— В пользу капитана, разумеется, — с гаденькой ухмылочкой добавляет Дуг — сосед Алека снизу.
Команда одобрительно хлопает Алека по спине.
— Маркиз, — участливо поворачивается к Робину Джеф, — может, вы предпочли бы завтрак à la fourchette? Вы, если что, не стесняйтесь, мы всё понимаем. Если вам тяжело сидеть…

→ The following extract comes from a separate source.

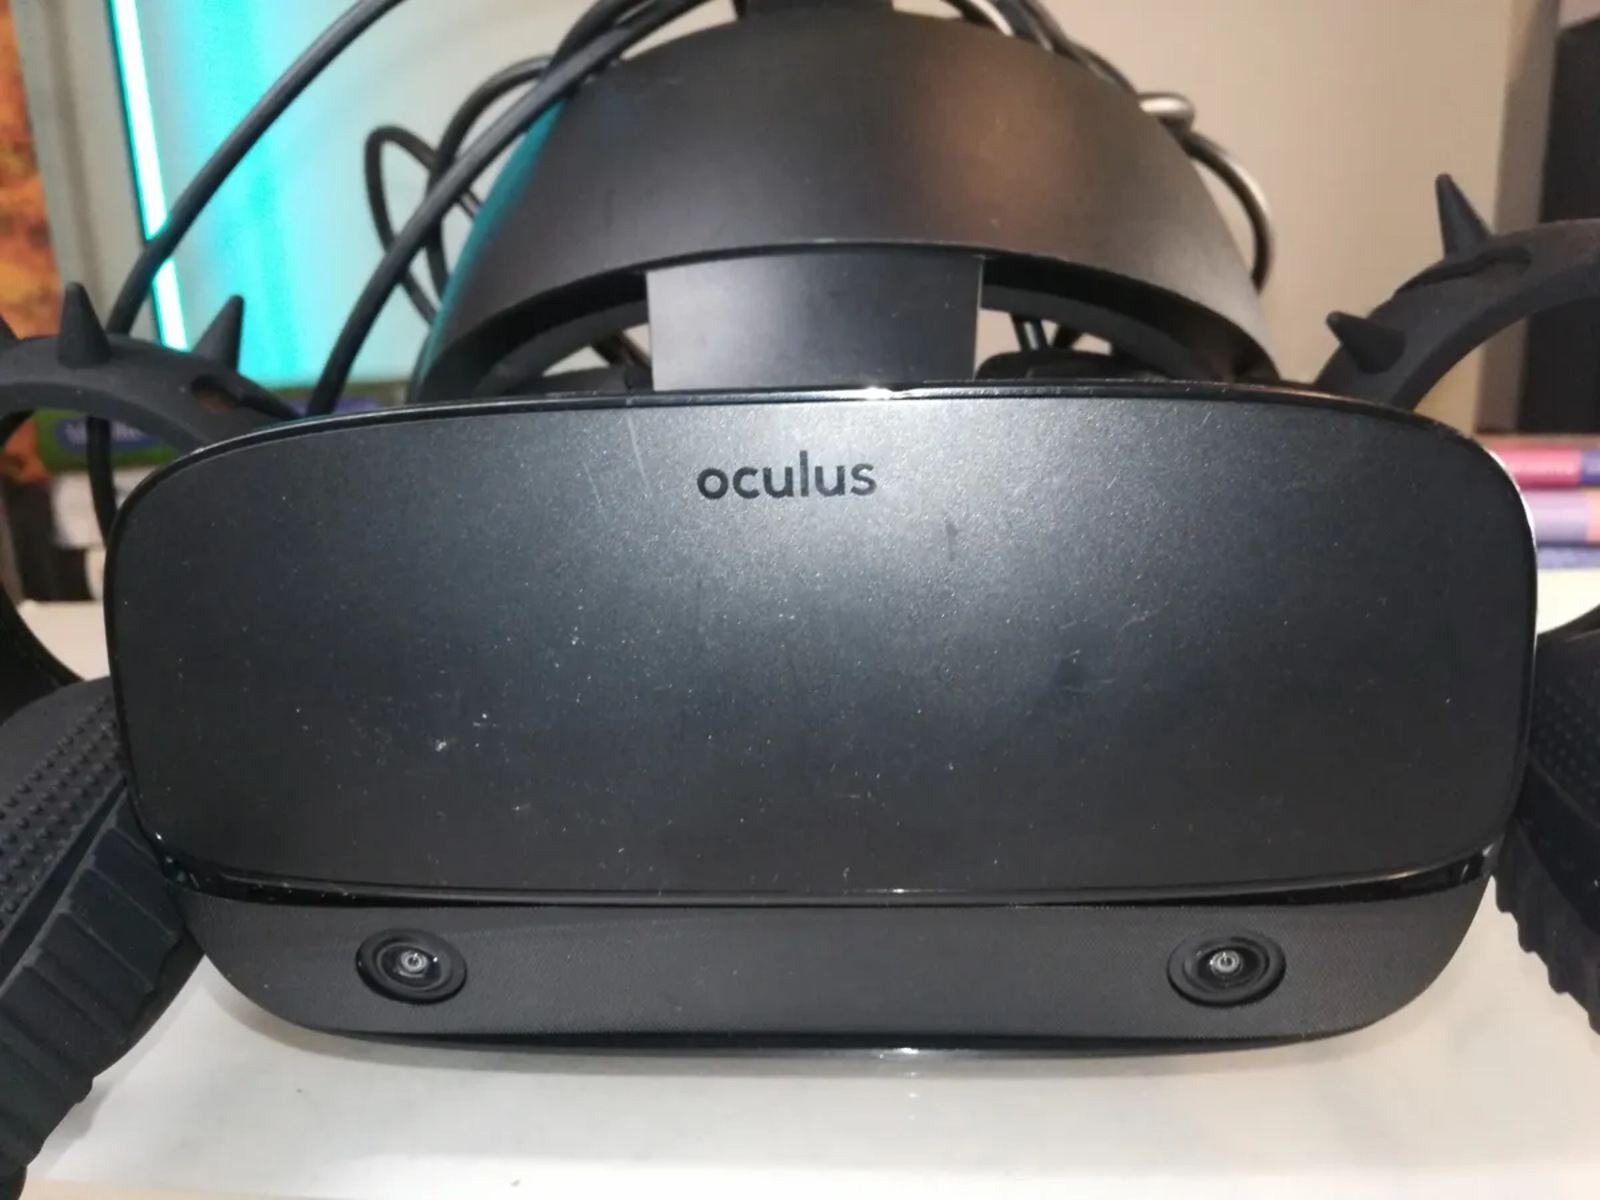 How To Set Up Oculus Rift S PC-Powered VR Gaming Headset

Команда замирает в предвкушении его ответа. Робина душат ярость и стыд — и он попадается.
— Ничуть.
Команда только этого и ждала.
— Слышь, Алек. — Алек на подколки не реагирует, и команда, чуя свою безнаказанность, уже изгаляется вовсю. — Маркиз даже ничего не почувствовал. Может, помощь нужна? Ты, если что, скажи, ты же нас знаешь: мы за своего капитана хоть в огонь, хоть в…
— Не нужна. — Алек наконец отрывается от тарелки и обводит «команду» таким тяжёлым взглядом, что за столом на миг повисает звенящая тишина. — А кто сунется…
Разнузданная команда тут же смирнеет, перед Робином извиняются, и остаток завтрака проходит за нейтральной беседой. Над Робином и дальше подтрунивают — уже по-дружески, незлобиво — скорее по инерции, как над своим, — но он больше на провокации не поддаётся: этим только покажи, что тебя что-то задело, — вовек потом не отстанут. Впрочем, неважно. Главное, он теперь в игре.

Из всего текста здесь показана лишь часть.